The project used a graph assembly approach to represent the 47 individual genomes in the pangenome reference, detailed in a separate publication in Nature Biotechnology.

The implications of the pangenome are far reaching and range from better diagnostics to improved personalized medicine for people of multiple ancestries, according to the researchers.

"For example, the identification of genetic variations that are associated with human diseases will be both more sensitive and more specific, directly improving disease diagnosis and therapeutics," Ting Wang, a professor of medicine at Washington University School of Medicine in St. Louis and a coauthor of the paper, said in a statement. "The new reference also provides a foundation to investigate functional consequences of genetic variations."

Additionally, the new pangenome could help reduce the inequities in genomic analyses. "The new pangenome increasingly represents the diversity of the human population and will enable scientists and healthcare professionals to better understand genomic variants that influence health and diseases," Eric Green, director of the US National Human Genome Research Institute, said in a conference call. "This is crucial in advancing the field of genomics in an equitable way."

Technological advancements and falling costs of DNA sequencing greatly enabled the creation of the pangenome, the researchers noted. While the previous reference genome was sequenced using short reads only, the new reference genome also incorporated long-read sequencing technology that allowed the team to see structural variations more clearly.

Most of the individuals whose genomes were sequenced for the pangenome project were originally recruited as part of the 1,000 Genomes Project, an NIH program that aimed to improve the catalog of genomic variants in diverse populations.

Meanwhile, in an accompanying paper, Evan Eichler, a professor in the department of genome sciences at the University of Washington School of Medicine, and colleagues presented a map of single-nucleotide variants within segmental duplications, characterizing millions of unmapped SNVs and finding a distinct mutational spectrum that differs from unique DNA. "We reason that these distinct mutational properties help to maintain an overall higher GC content of [segmental duplications] compared to that of unique DNA," they wrote.

In yet another paper, researchers used data from the new pangenome to identify patterns of recombination between the short arms of heterologous acrocentric chromosomes. This provided the first observational evidence for a mechanism of DNA exchange between these chromosomes, senior author Erik Garrison, assistant professor in the department of genetics at the University of Tennessee Health Science Center, noted along with his colleagues. 
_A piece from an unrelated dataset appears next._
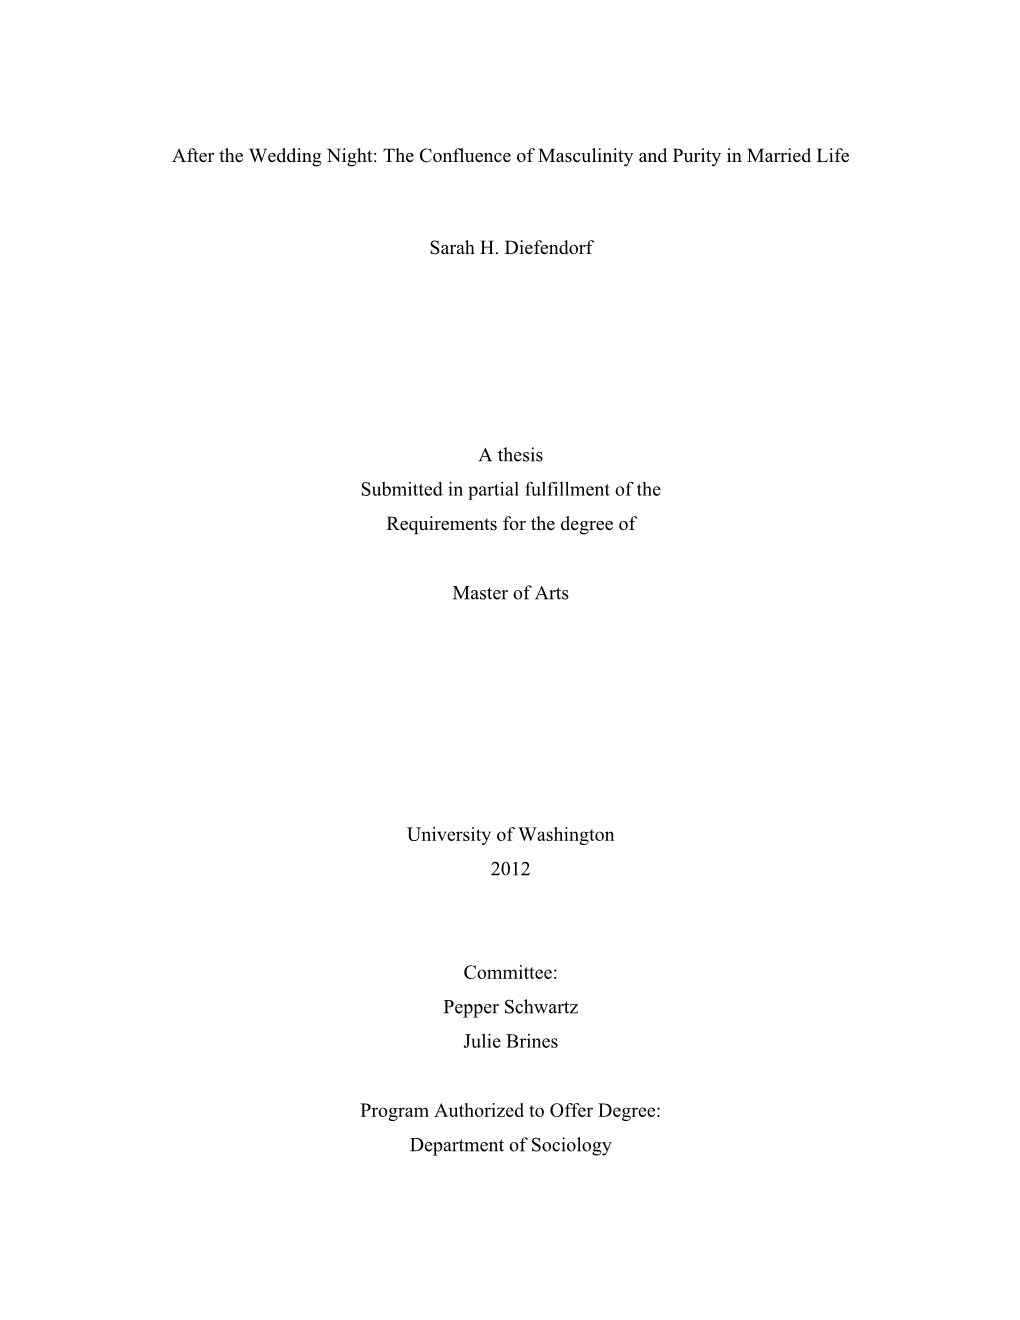 After the Wedding Night: the Confluence of Masculinity and Purity in Married Life Sarah H. Diefendorf a Thesis Submitted in Part

The new pangenome draft, which is publicly available, is just a start, according to the researchers. Over the course of the next few years, they plan to expand the project to include data from a total of 350 diverse individuals. "This will give us a more comprehensive representation of all types of human variation," they wrote.

Challenges remain, though, when it comes to the adoption of the new reference. "[W]idespread adoption of the pangenome by scientists could take time, because new methods supporting pangenome analysis are continually being developed, and scientists will often require training to use them," Arya Massarat and Melissa Gymrek of the University of California San Diego cautioned in a related News & Views article in Nature.

Nevertheless, the effort will likely change human genetics research profoundly. "This is not the end of a project, but it is the beginning of a new era to much more meaningfully incorporate human diversity in biological, biomedical, and clinical sciences," Wang said. "The new reference will continue to grow, expand, and [be polished] to accurately depict the genetic blueprint of our species — this requires a global effort."